The top leadership of the PML-N failed to convince Asif Ali Zardari to boycott the 2018 general elections. Zardari was of the view they ought not leave the political field open and uncontested. He cited the PPP’s boycott of elections in 1985 that they still regretted.
The matter was brought to the leadership of the PDM, but tables couldn’t be turned, and the consensus regarding contesting the elections prevailed.
After that, the PML-N had a huddle to discuss whether to boycott the elections or not in their individual capacity. They knew for sure that they wouldn’t be allowed to win. They had cogent evidence that neither the establishment nor the courts were ready to listen to them. They feared all out doom. Despite all the odds against them, the ‘doves’ dominated the ‘hawks’ and the party agreed to contest the elections.
That was the decisive step that finally unleashed what was enacted before, during and after the 2018 general elections. Wholesale rigging in the elections, and massive tinkering with the results put the PML-N on second step of the electoral podium.
The PDM raised hue and cry over the rigged elections. They protested. But again, they wasted another opportunity to bring to a halt the onslaught of the Project Imran juggernaut. They eagerly entered the national and provincial assemblies. They even created for themselves false comfort in the shape of a parliamentary commission to inquire into rigging in the elections.
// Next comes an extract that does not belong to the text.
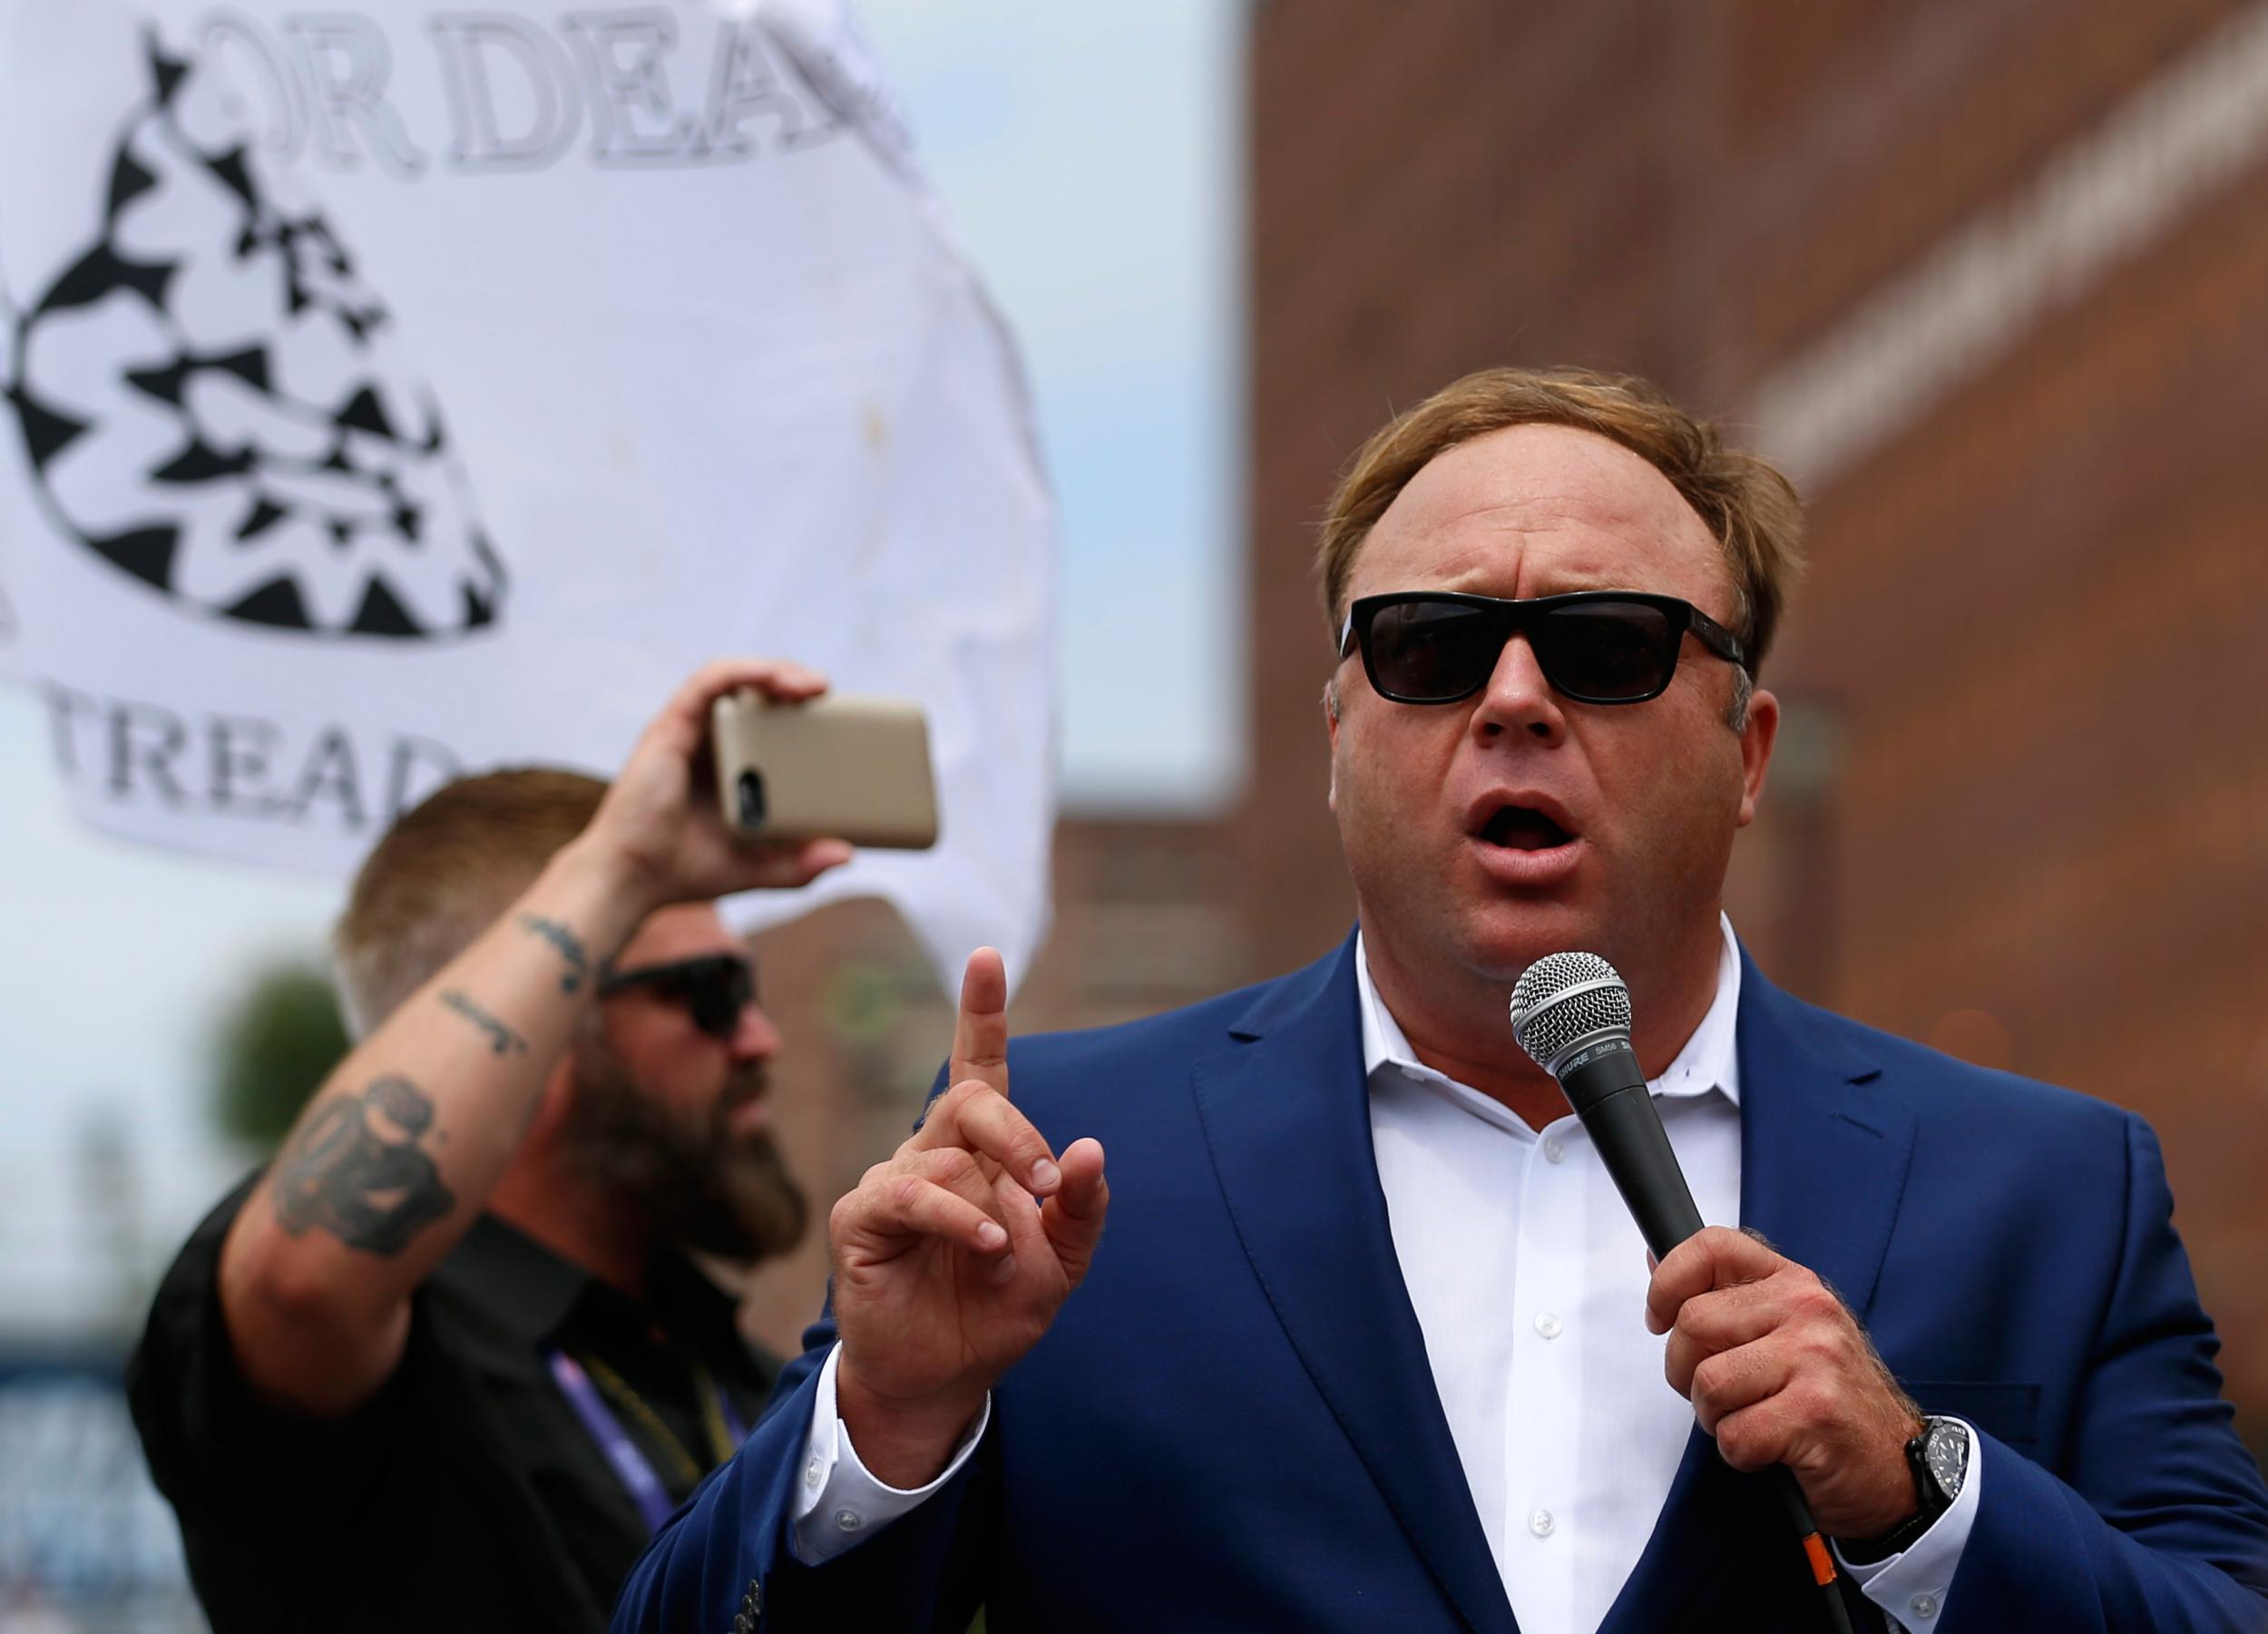 Alex Jones from Infowars.com speaks during a rally in support of Republican presidential candidate Donald Trump near the Republican National Convention

The commission has not met even once.
A boycott of the elections from PML-N would likely have failed Project Imran from being operational and achieving its goals. However, political parties have their own axe to grind, and their ambitions and politics revolve around their focus on remaining connected with the center of the state.
Then the juggernaut did what it could. The steamroller flattened whatever came in its way. The economy was ruined. Foreign relations suffered immeasurably. The media corrupted deeply. The literal fabric of the society torn asunder.
Hatred, vengefulness and persecution dominated. Finally, the three and a half-year rule of the Project Imran not only miserably collapsed under its own lumbering weight, it also exposed the establishment and the higher courts of Pakistan to an unimaginable ignominy also.
It may safely be conjectured that its own internal discord forced the establishment to abandon Project Imran halfway and admit tactical defeat. Otherwise there is every reason to believe that it would have continued for over a decade.
The PDM was made aware of it. As the PM were in complete desperation, this news offered them some reprieve. They were ready to go as if they had been waiting in the wings all along, and initiated a no-confidence-move against the Imran Khan government in the National Assembly that succeeded after a tense interlude.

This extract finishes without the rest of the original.